After that I was assigned for a two-year duty in Japan at a station (Hakata Administration Annex) in the southern island of Kyushu. I was out of the Army in 1967 and was never deployed to Vietnam.
Although I’m a Vietnam-Era Veteran, I have absolutely no regrets that I was never stationed in Vietnam.
On March 29, 1975, Gerald Ford signed an executive order ending draft registration. I turned 18 in October of 1975, so I didn’t even have to register. While I felt relieved, I also felt some version of “survivor’s guilt” – not talking so much about people who actually got killed in Viet Nam (neither I nor my family knew anyone who had died there), but for all the people who had to go through the process, and particularly those who ended up being sent to Viet Nam. My brother-in-law was sent there, so I had some idea what the experience was like, both for the soldiers and for their families. (I still remember my sister crying softly after she finished a phone call from John.)
Snarkily ? I beg to differ. I was just being my usual lovable, obnoxious self. Your column brought back quite a few memories for me, too. In Sept. of 1969 I started college. By the end of day one I knew what I suspected all along, college was not for me. I just went to amuse my father, who like a lot of parents back then felt that unless you went to college you would never amount to more than a janitor’s helper. Not even a full fledged janitor. There was one big advantage to going to school back then. It was called a college deferment. As long as you stayed in school Uncle Sam couldn’t touch you. That’s probably why half the guys were going. But, if you dropped out or just stopped showing up like me, the school was required to inform your local draft board. There was a scene in Animal House where Dean Wormer tells the boys that they are all kicked out. He added that he was informing their local draft board that they were all eligible for military service. That caused Flounder to puke all over the Dean’s desk and the Dean himself.
By march of 1970 I couldn’t take another day of school. So, I took my chances and quit. Hey, I never claimed to be overly bright! In mid May I was lying in bed with a serious case of infectious mononucleosis . If you’ve ever had it you know what I mean. I thought I was gonna die. My mom came in my room with a long face and an envelope. She said this came for you and walked out. When I saw the return address, I knew why the long face. I opened it up and it started with ” Greetings from the president of the United States” Some how I figured out that it wasn’t a get well card from Tricky Dick ( Nixon, for you younger folks) It contained the time and date that I was to be at my local board in Manhasset. It explained that a bus would take us to Fort Hamilton in Brooklyn where our draft physical would take place.
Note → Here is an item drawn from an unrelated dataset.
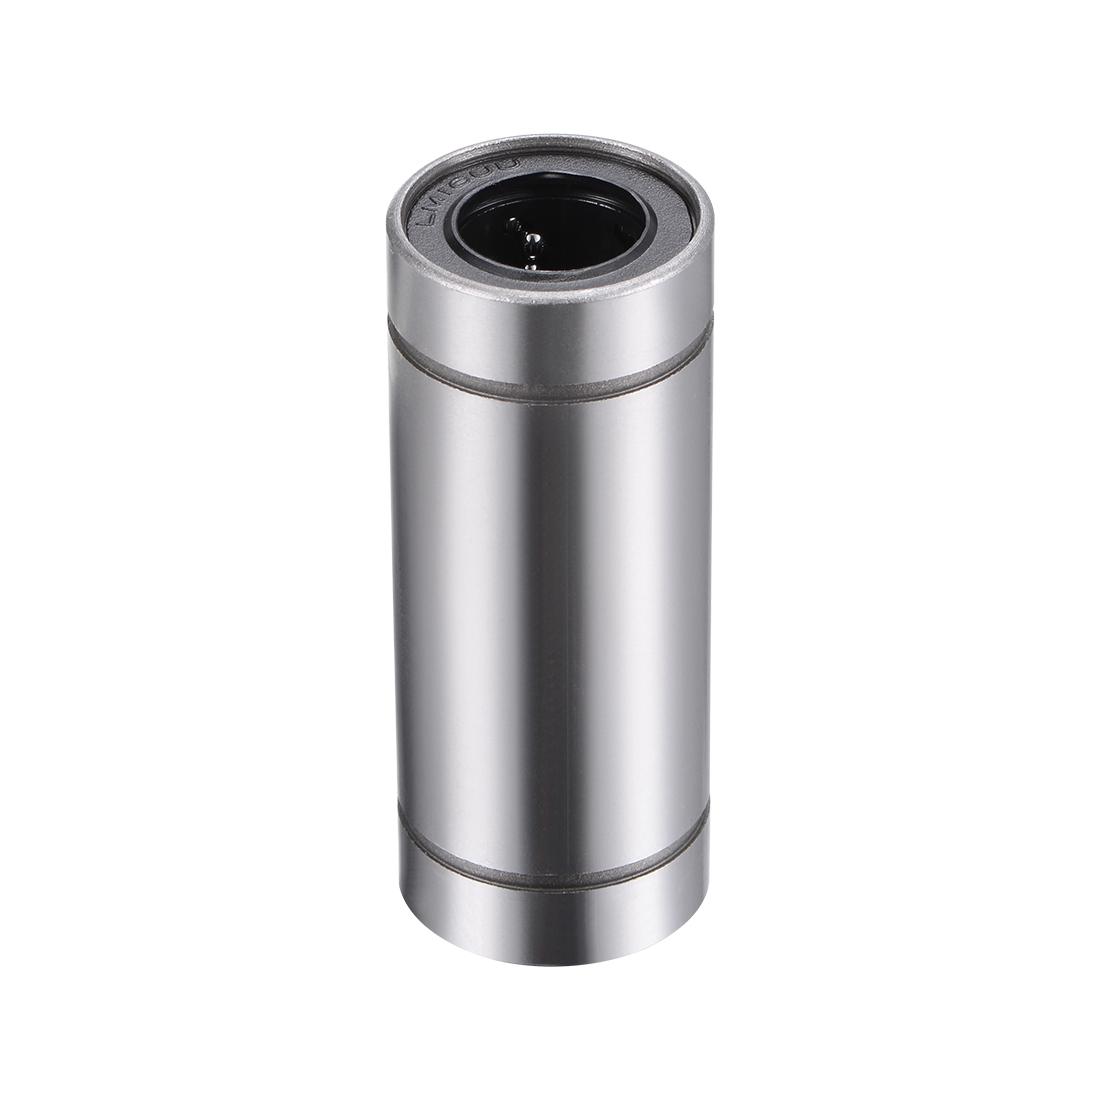 16mm Linear Ball Bearings Extra Long LM16LUU, 16mm Bore, 28mm OD, 70mm Length

Wearing only our shorts and the stack of paper they gave us we were zipping along from station to station. I noticed that every doctor had on a white lab coat with a red and black pen in their pocket. When we got to the hearing part I didn’t realize that I was in for shock. My hearing was always fine. After he took an extra long time looking in my left ear he asked me for my paperwork and reached for his red pen. I almost wet myself. Sorry, son we can’t use you. You have a punctured ear drum. I wanted to kiss his ugly mug.
Tom mentioned showing up stoned or drunk for the big day. We were sitting in the back of the bus when this really weird mother asked us ” who wants to trip?” We all politely declined. Right as the bus was pulling in he dropped a hit of Brown Dot. We were only there for a short while when he asked to use the mens room. That was the last we saw of him for an hour or so. We were heading up the stairs for the written test when all of a sudden these 2 gorillas in army uniforms came down the stairs yelling for us to step aside now. In between them was you know who in cuffs being dragged away to parts unknown.
This comment is dedicated to Paul and Ralph who never came back from that Hell hole. And to Billy, who returned a stone cold junkie and died from an overdose 2 months after he returned.
Shaggy dog story.
meaning what?
What’s the matter, LC. You make a dumb remark and can’t explain it. Typical.